◆ Brief
Transcribe all data verbatim. Skip the pictures.
*** Provided data ***
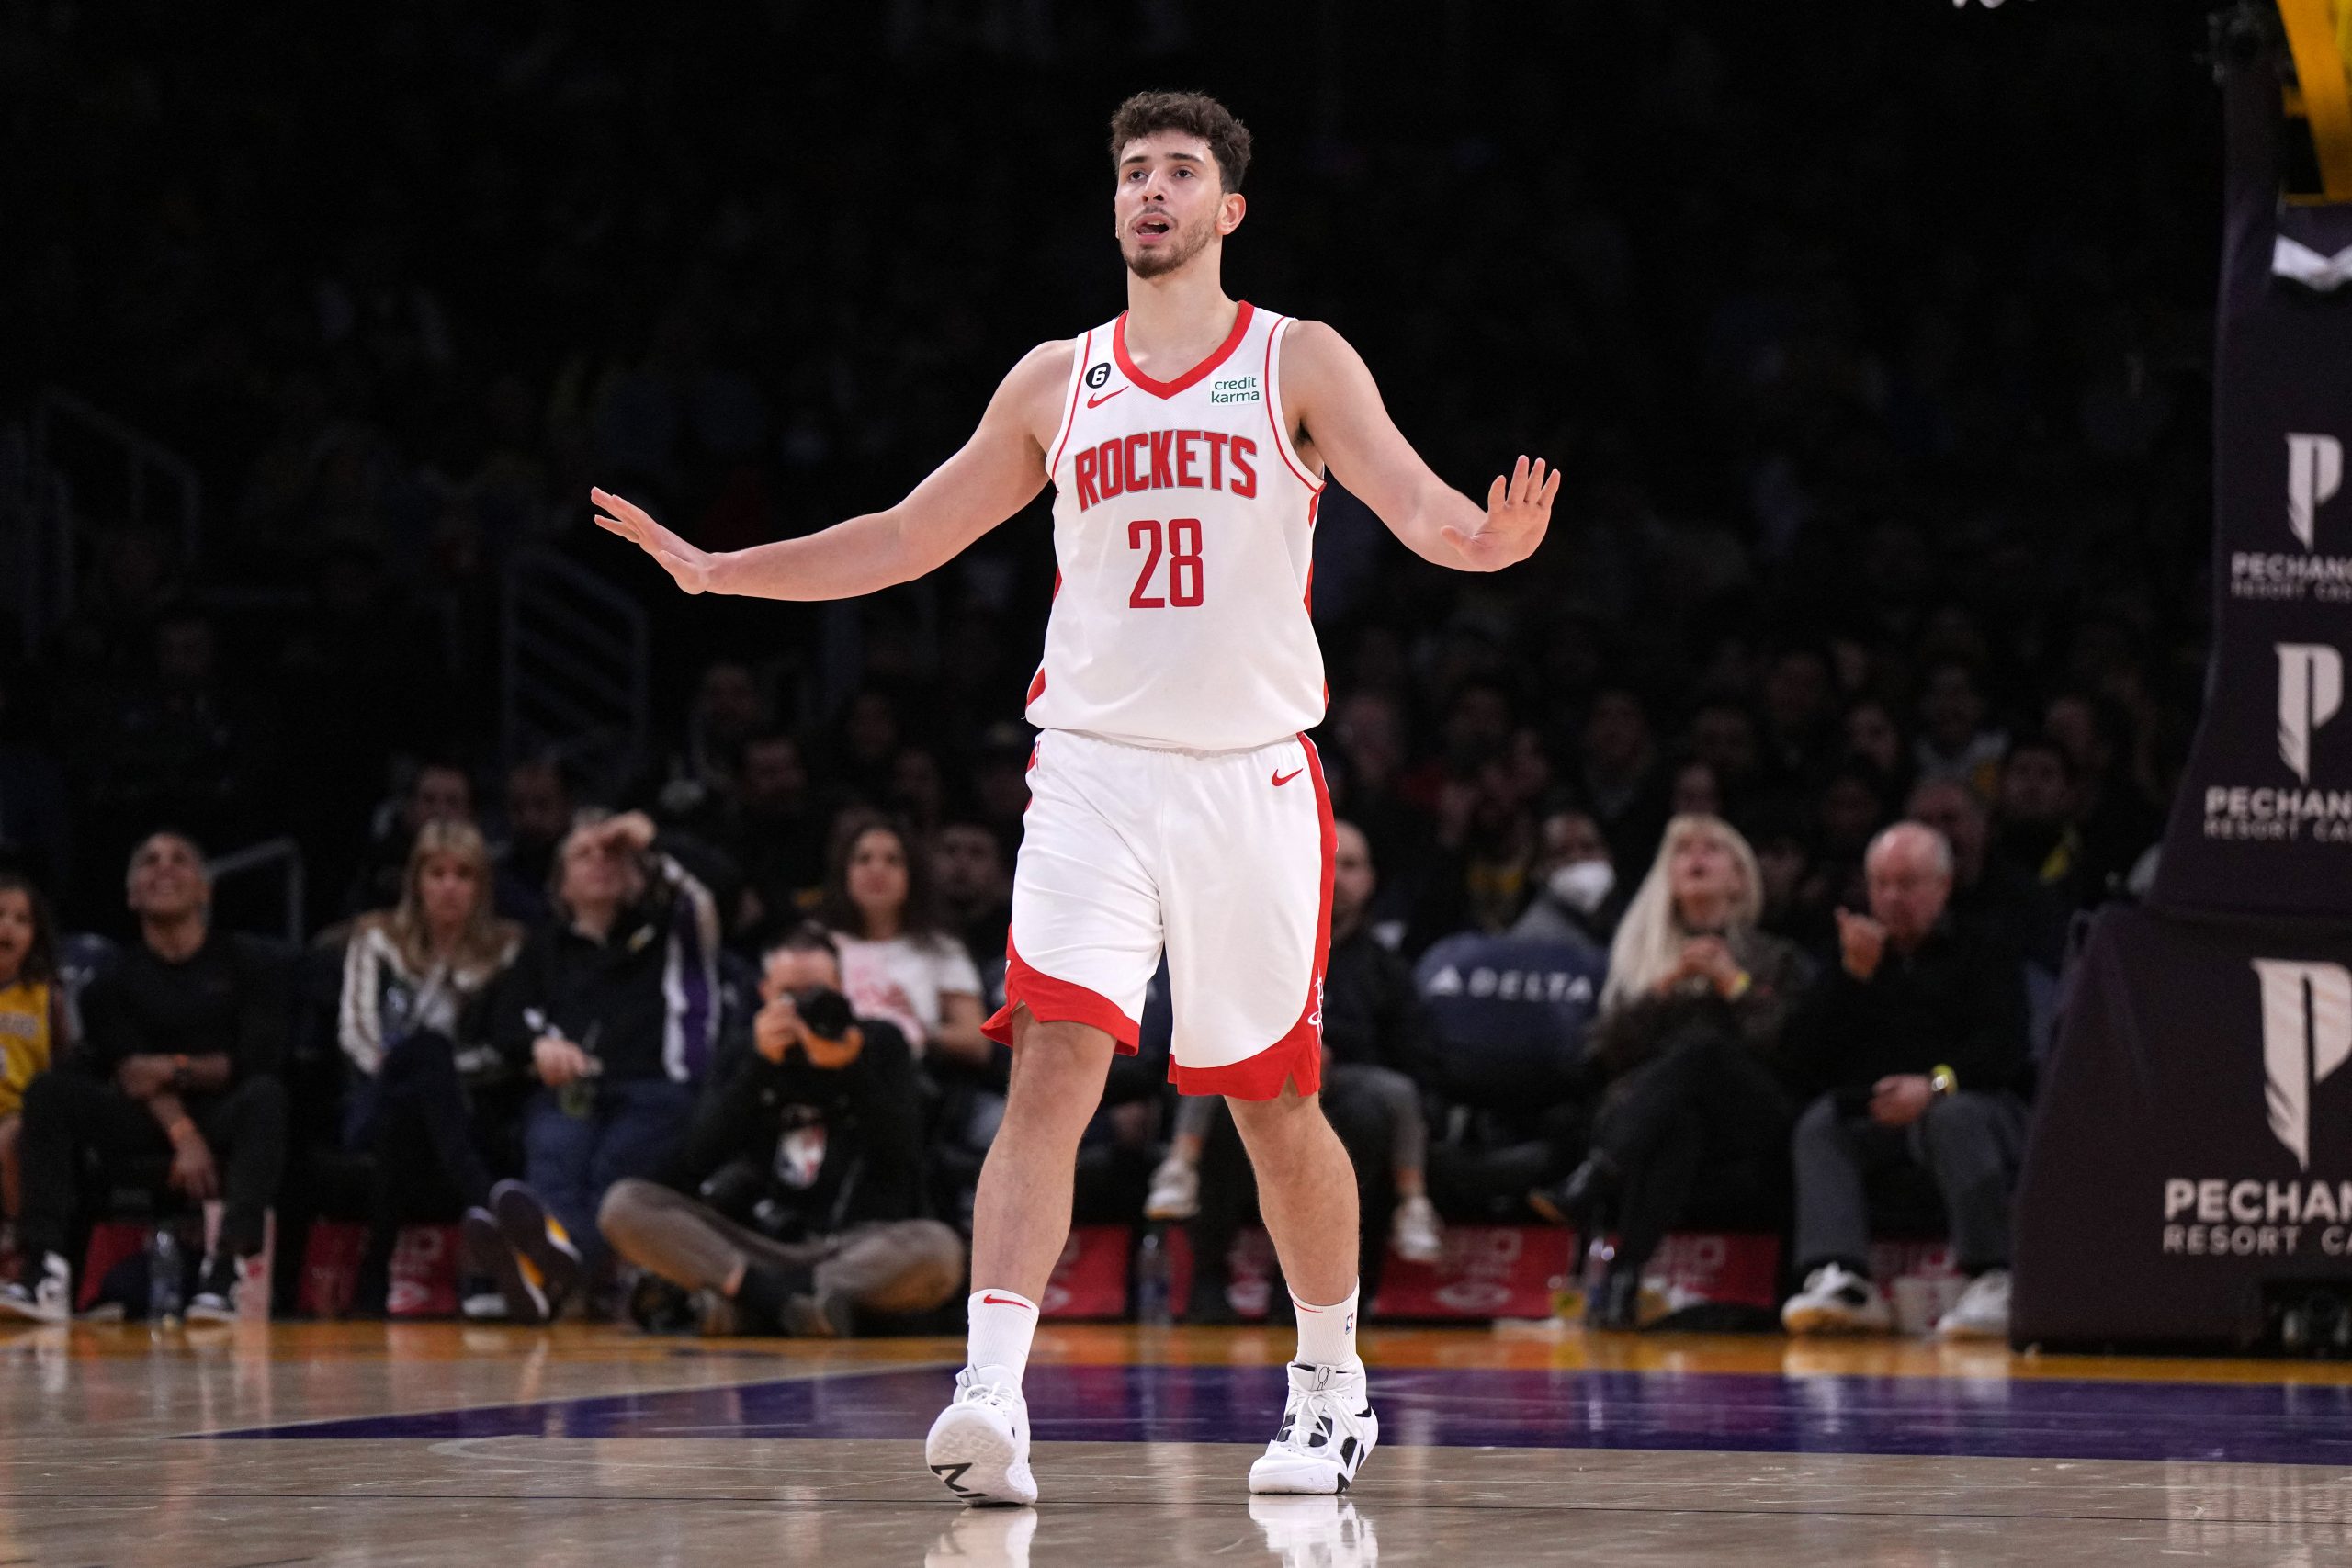 Jan 16, 2023; Los Angeles, California, USA; Houston Rockets center Alperen Sengun (28) reacts after a three-point basket against the Los Angeles Lakers in the first half at Crypto.com Arena. Mandatory Credit: Kirby Lee-USA TODAY Sports Photo: Kirby Lee/REUTERS
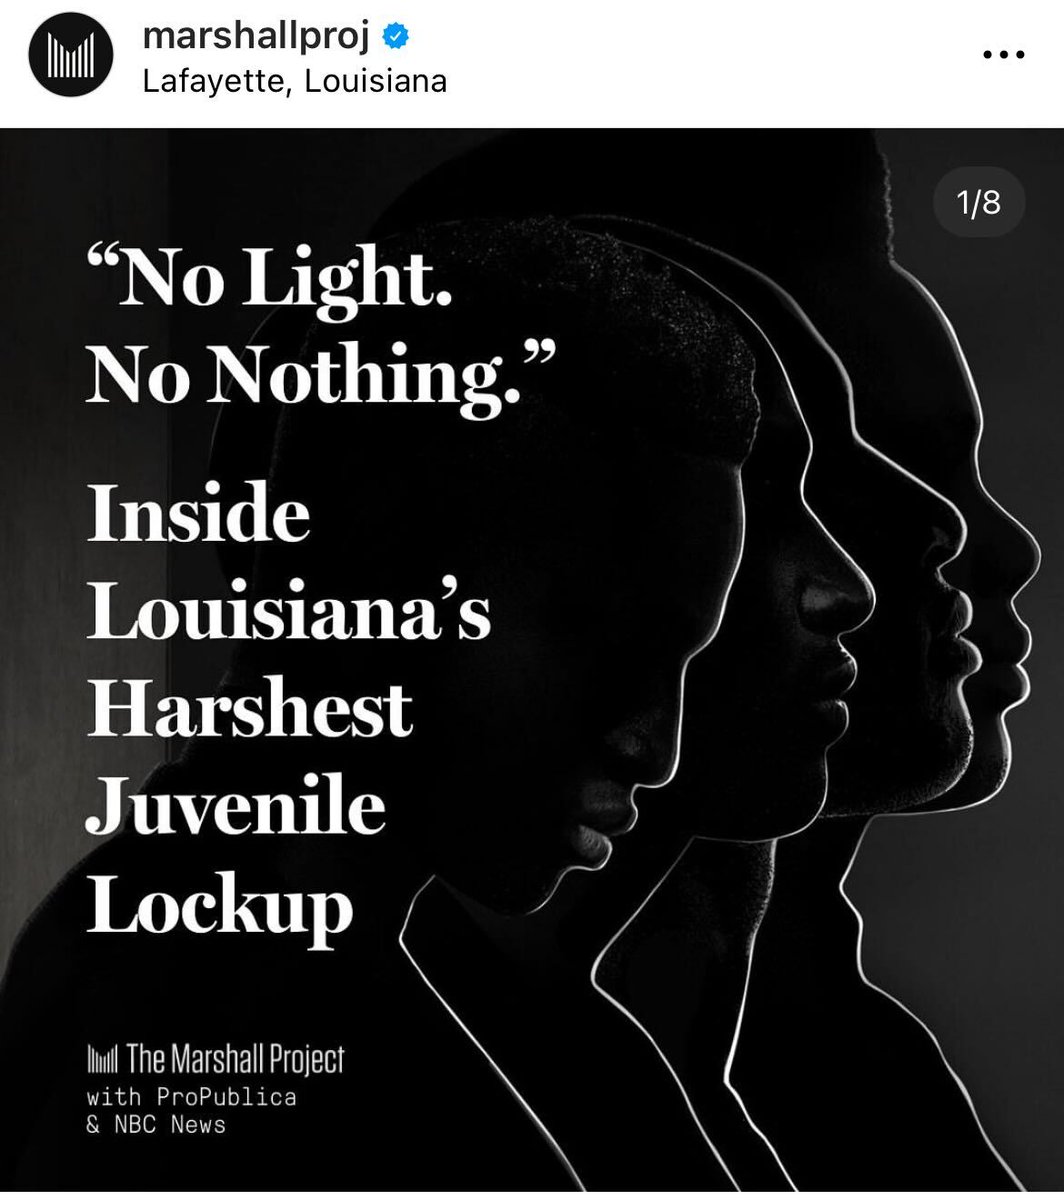 Teens, some with serious mental illness, were locked alone for at least 23 hours a day for weeks on end at this Louisiana facility. Read about it on our Instagram: trib.al/VPdtdNa
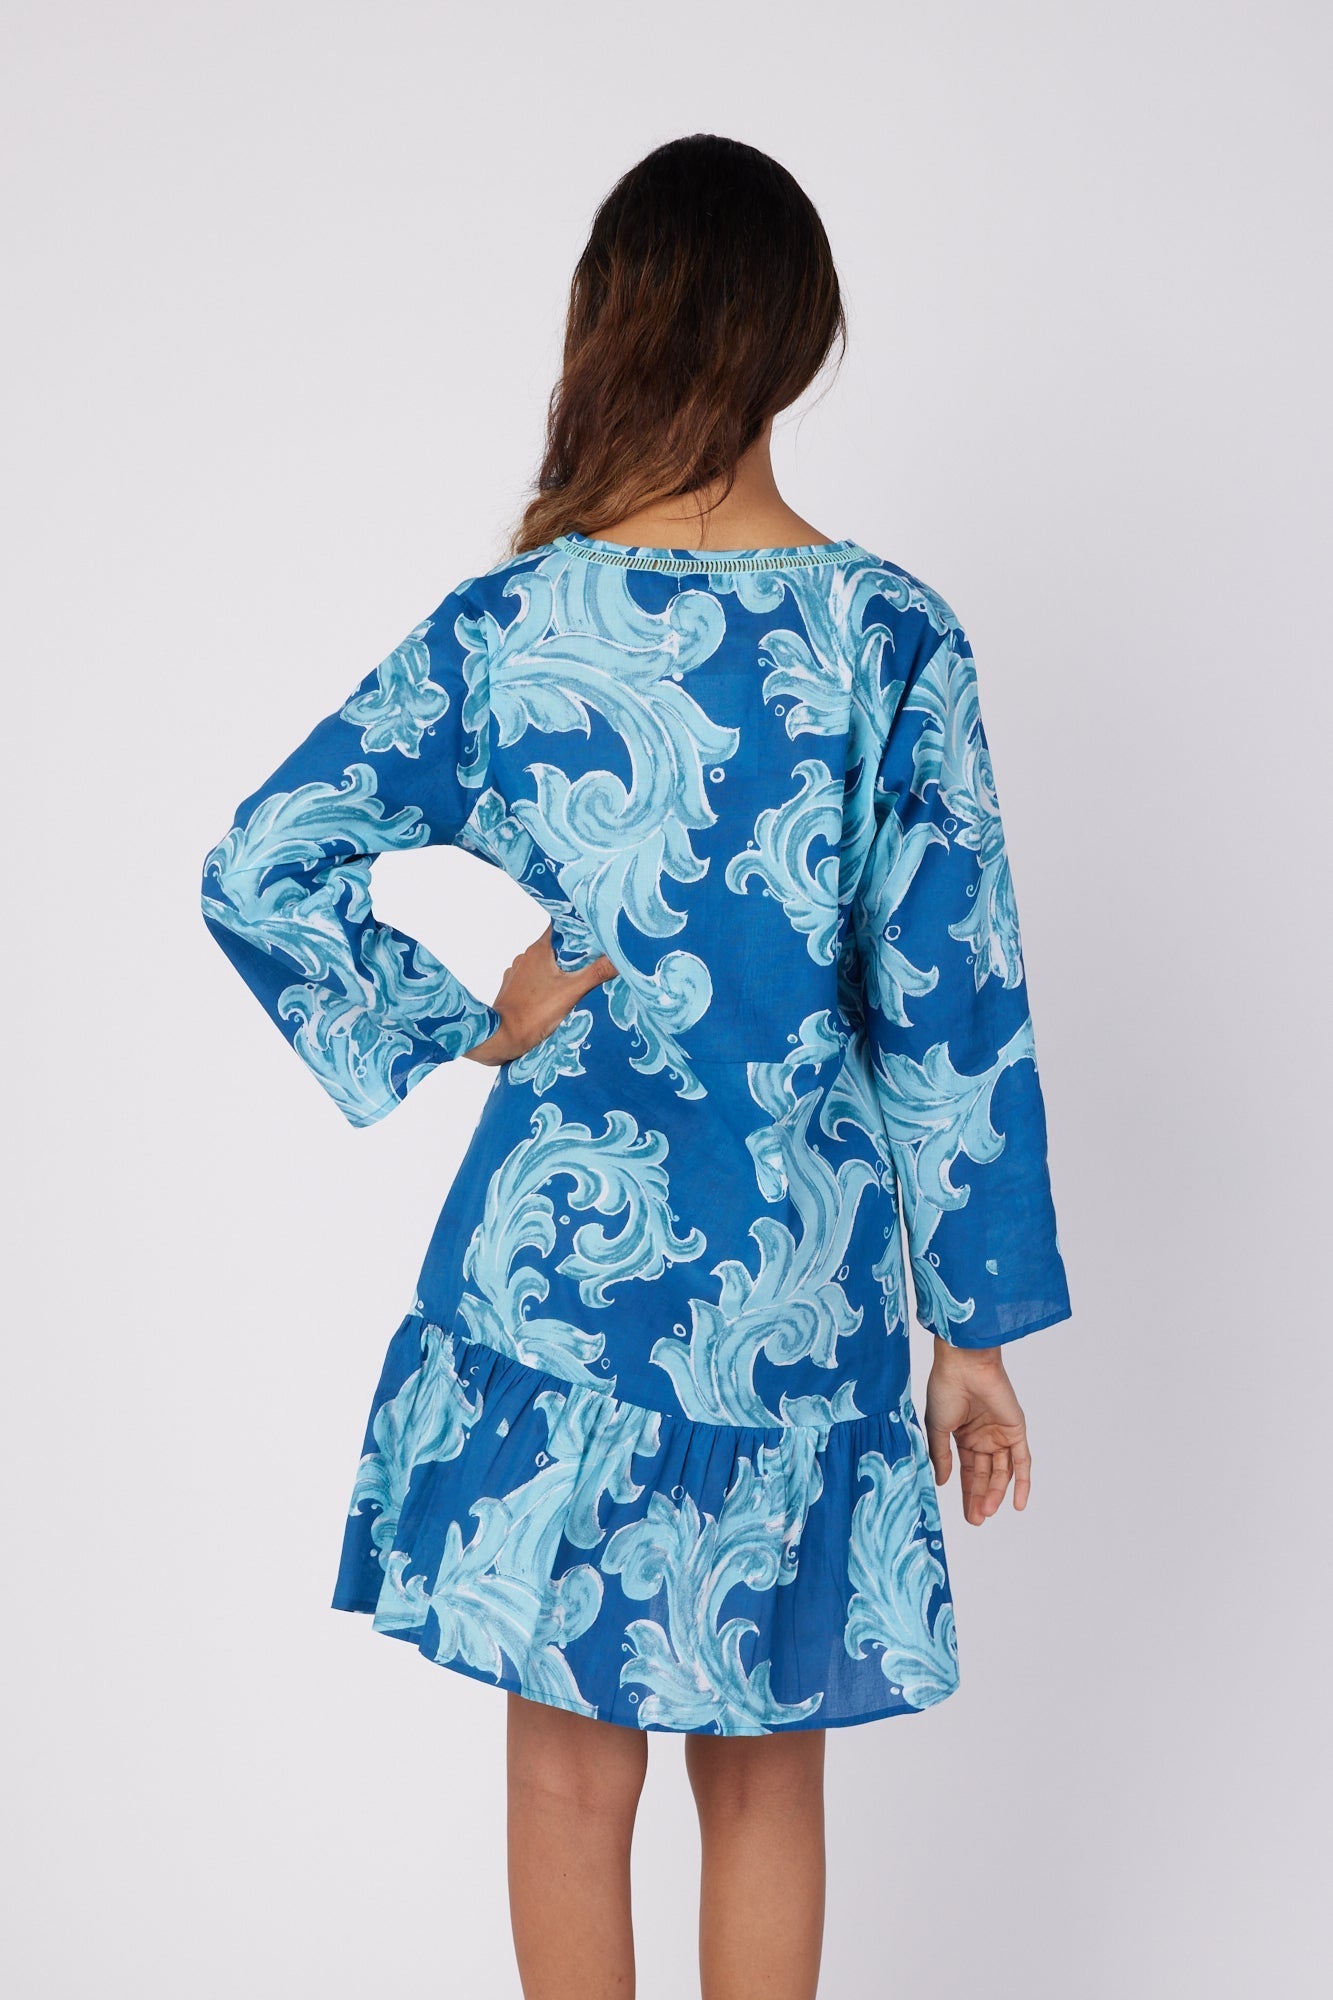 ModaPosa Brigida 3/4 Sleeve Ruffle Knee Length V-Neck Dress in Deep Blue Baroque . Discover women's resort dresses and lifestyle clothing inspired by the Mediterranean. Free worldwide shipping available!
*** End of Provided data ***
◆ Answer space
 Jan 16, 2023; Los Angeles, California, USA; Houston Rockets center Alperen Sengun (28) reacts after a three-point basket against the Los Angeles Lakers in the first half at Crypto.com Arena. Mandatory Credit: Kirby Lee-USA TODAY Sports Photo: Kirby Lee/REUTERS
 Teens, some with serious mental illness, were locked alone for at least 23 hours a day for weeks on end at this Louisiana facility. Read about it on our Instagram: trib.al/VPdtdNa
 ModaPosa Brigida 3/4 Sleeve Ruffle Knee Length V-Neck Dress in Deep Blue Baroque . Discover women's resort dresses and lifestyle clothing inspired by the Mediterranean. Free worldwide shipping available!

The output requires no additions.